Understanding the Use of Kalman Filters and Gyros in Aircraft Design

[aymank1985]

Hi,
I am starting a project that involve building a aircraft .
I am just not very clear about using kalman filters, gyros and Magnetometer.
From what I read , the kalman filter is used to filter the drift in gyros reading and combine it with the accelerometer reads .
In our project we will be using a gyros and magnetometer, will i still be able to use kalman filter with gyro only ?
Hope someone can clear this to me.

Thanks

 

[Antiphon]

You don't need any of that to build an airplane.

 

[aymank1985]

We are building a on board computer system for a satellite.

 

[Antiphon]

We are building a on board computer system for a satellite.

That sounds like a very interesting project. The good news is you don't need magnetometers in space.

How will your satellite get into orbit?

 

[aymank1985]

How is that ? We are planing to use the magnetometers will be used to detect the position of the satellite using the IGRF modeling .
The satellite won't be lunched in the space , but we will be simulated .

 

[D H]

Have you, or anyone on your project, taken the pretty much standard signals and systems (aka signals and systems, linear systems and signals, or some other variation) class? You need that before you can even start understanding a Kalman filter.

There's nothing wrong with an attitude-only filter. The magnetometer will give a rather coarse and incomplete state update. Without it, you would be doing dead reckoning. The integrated attitude would drift (random walk) with respect to truth over time.

One problem with a magnetometer is that you need to know where you are to know what the reading means. How are you estimating your translational state?

 

[aymank1985]

Yes , I have done system and signals courses .
For the TS we will be using a c++ scripts that will take care of converting orbit elements to position and velocity vectors

 

[D H]

Some questions then. The answers will help me to help you.

1. Environment.
To what fidelity are you simulating the environment? Is gravity spherical or non-spherical? Do you have third body effects? Atmospheric effects? To what fidelity are you modeling the atmosphere, and atmospheric drag?

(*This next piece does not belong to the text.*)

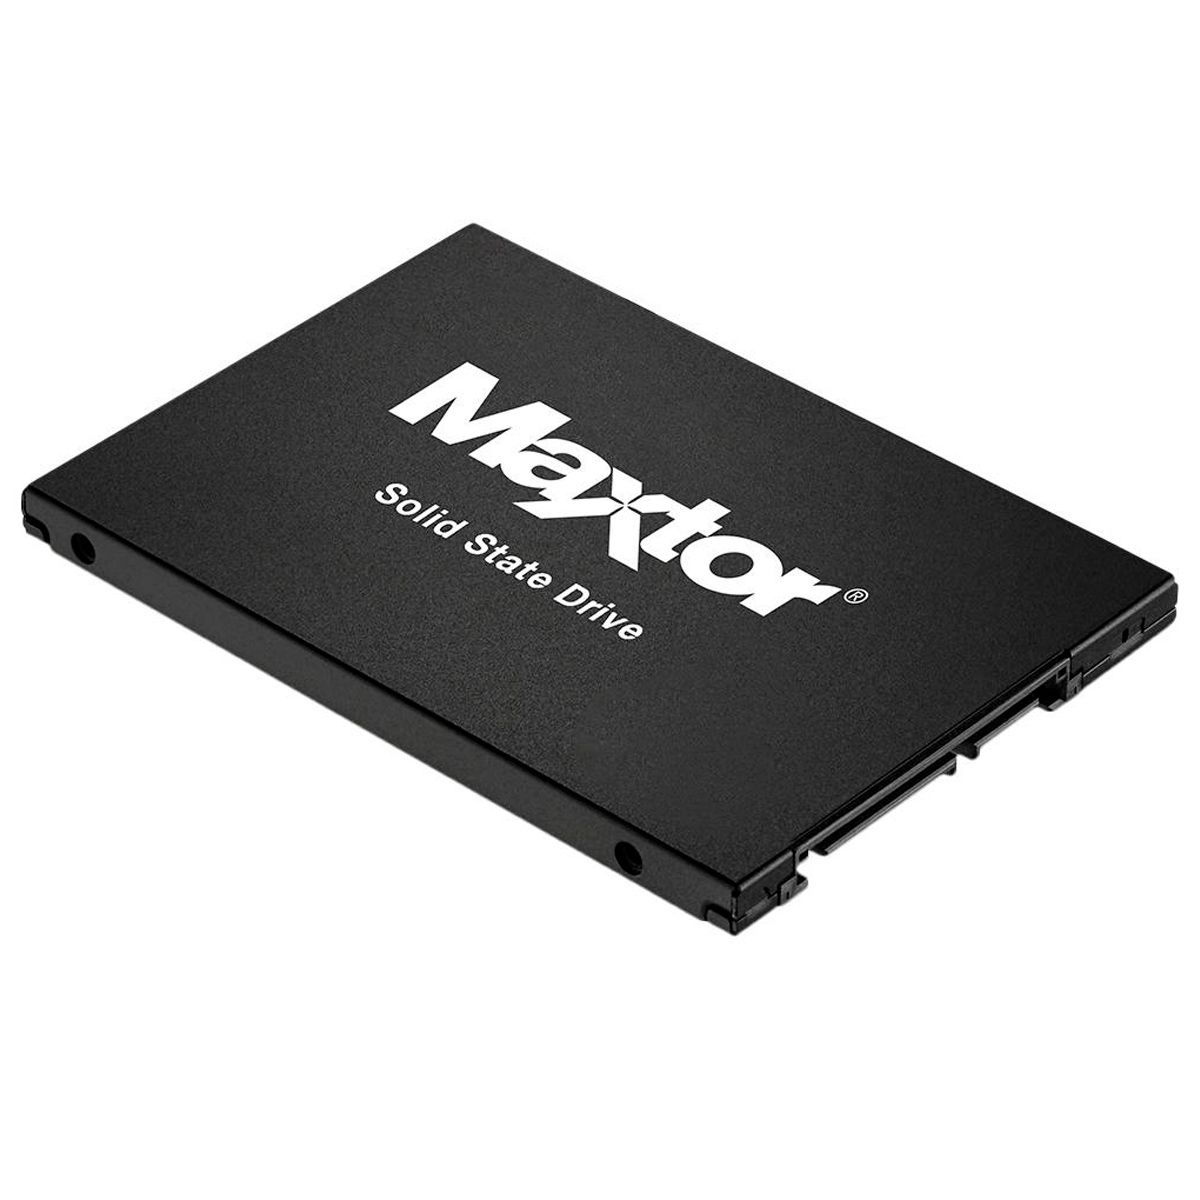 SSD 240GB Seagate Maxtor - SATA - Leitura 540 MB/s - Gravação 425 MB/s - YA240VC1A001

With regard to rotational influences, are you modeling gravity gradient torque or torque due to atmospheric drag? Magnetic influences on orientation (if any)? Since you have a magnetometer, you need to be simulating the magnetic environment as well. Modeling the Earth's upper atmosphere and magnetic field can vary from very simple to getting real hairy real fast.

2. Sensors and effectors.
To what fidelity are you simulating your sensors and effectors (assuming you have effectors)? Can they be misaligned (in your sim)? Is there some element of randomness to them?

3. State representation.
How are you representing orientation? Direction cosine matrices, Euler angles, quaternions, Rodrigues parameters, modified Rodrigues parameters?

4. Avionics.
What is your sampling rate? Your flight software rate? How accurate are your simulated sensors? What kind of avionics architecture does your simulated spacecraft have (and do you care)?

5. Yourself.
What grade level project is this? How long will you be working on this project? Do you have an advisor who is helping you out?

 

[aymank1985]

Well I think some of those questions I don't have answers to .
Basically we will be building a cage that can generate the same force around the Earth TIMES X ( This will increase the ability to use a magnetometer with a lower resolution and lower cost ) We will use HMC5883L .
I am just not sure if I have the pieces in the right order .
At T=0
1-I should use the SGP4 model with initial TLE , which will supply me with position and velocity vectors .
2-The position vector will be used to compete the IGRF model , which will supply the magnetic field in the ECEF .
3-The IGRF readings need to be converted to ECF then to body frame .
4-The readings from the magnetometer is obtained.
5-The two data are supplied to a EKF .

Please let me know if I have that in the right order , and if there is anything you wan to point out .

Thanks alot

Some questions then. The answers will help me to help you.

1. Environment.
To what fidelity are you simulating the environment? Is gravity spherical or non-spherical? Do you have third body effects? Atmospheric effects? To what fidelity are you modeling the atmosphere, and atmospheric drag?

With regard to rotational influences, are you modeling gravity gradient torque or torque due to atmospheric drag? Magnetic influences on orientation (if any)? Since you have a magnetometer, you need to be simulating the magnetic environment as well. Modeling the Earth's upper atmosphere and magnetic field can vary from very simple to getting real hairy real fast.

2. Sensors and effectors.
To what fidelity are you simulating your sensors and effectors (assuming you have effectors)? Can they be misaligned (in your sim)? Is there some element of randomness to them?

3. State representation.
How are you representing orientation? Direction cosine matrices, Euler angles, quaternions, Rodrigues parameters, modified Rodrigues parameters?

4. Avionics.
What is your sampling rate? Your flight software rate? How accurate are your simulated sensors? What kind of avionics architecture does your simulated spacecraft have (and do you care)?

5. Yourself.
What grade level project is this? How long will you be working on this project? Do you have an advisor who is helping you out?